Packaging as a NuGet Package
When packaged as a NuGet package, we want our source generator to run at compile time only, and not to become a deployment dependency of the project that it is deployed in. I followed the official recipe to do this:
<PropertyGroup>
<GeneratePackageOnBuild>true</GeneratePackageOnBuild>
<!-- The generator lib is used only at compile time, clients do not need it at run time as it
contains nothing they use. This stops NuGet from packing anything from this project, so we
will include dependencies manually below. -->
<IncludeBuildOutput>false</IncludeBuildOutput>
<!-- Change the default output folder for the build -->
<BuildOutputTargetFolder>analyzers</BuildOutputTargetFolder>
</PropertyGroup>
Now that everything is being packed into an ‘analyzers’ folder, you will start getting this warning from NuGet.
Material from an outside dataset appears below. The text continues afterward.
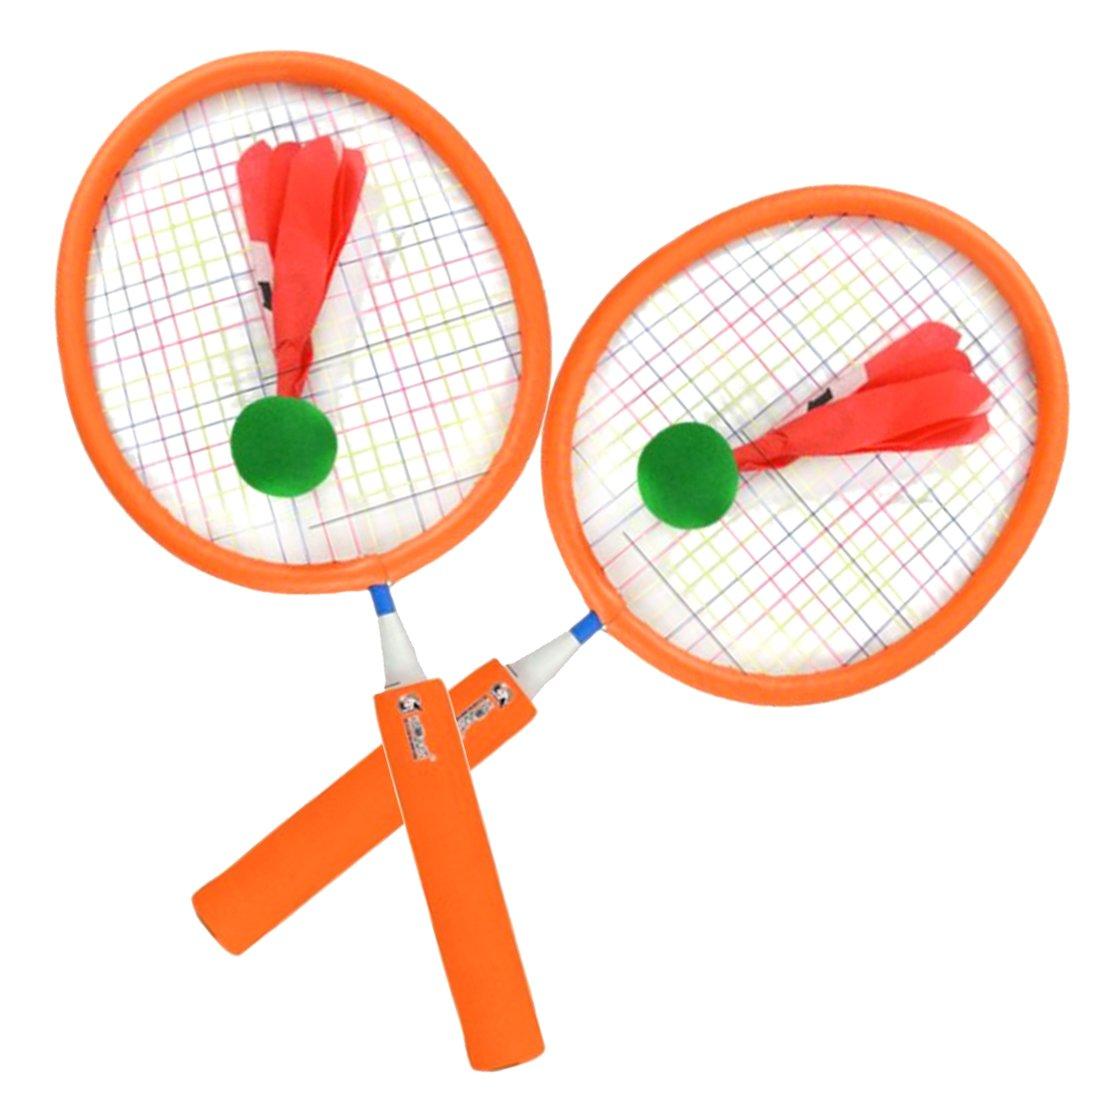 ruiyif Badminton Set for Kids with 2 Badminton Rackets 2birdies S オレンジ O15727B4705WQG S オレンジ B07CNM752D

warning NU5128: Some target frameworks declared in the dependencies group of the nuspec and the lib/ref folder do not have exact matches in the other location. Consult the list of actions below:
warning NU5128: - Add lib or ref assemblies for the netstandard2.0 target framework
You can suppress this in the project file:
<PropertyGroup>
<NoWarn>NU5128</NoWarn>
</PropertyGroup>
We have to ensure that the NuGet package includes the dependencies that we used while
writing it. If we don’t do this users of the NuGet will get a runtime error along the lines
of ‘cannot find file or assembly…'. For our OracleUdtClassGenerator
, it’s just Sprache:
<ItemGroup>
<!-- Generator dependencies -->
<PackageReference Include="Sprache" Version="2.3.1" PrivateAssets="all" GeneratePathProperty="true" />
</ItemGroup>
<ItemGroup>
<!-- Package the generator in the analyzer directory of the nuget package -->
<None Include="$(OutputPath)\$(AssemblyName).dll" Pack="true" PackagePath="analyzers/dotnet/cs" Visible="false" />
<!-- Package the our dependencies alongside the generator assembly -->
<None Include="$(PkgSprache)\lib\netstandard2.0\Sprache*.dll" Pack="true" PackagePath="analyzers/dotnet/cs" Visible="false" />
</ItemGroup>
Notice how everything is packaged into the ‘analyzers’ folder, you can examine the final folder structure using the NuGet Package Explorer:
The package should have no dependencies:
And that completes the NuGet package.
One last thought: I found it easier to test the generator as as a NuGet package within my solution, rather than adding a Project Reference. As we have seen, there are significant complexities in creating the NuGet package and using a Project Reference doesn’t exercise those scenarios at all.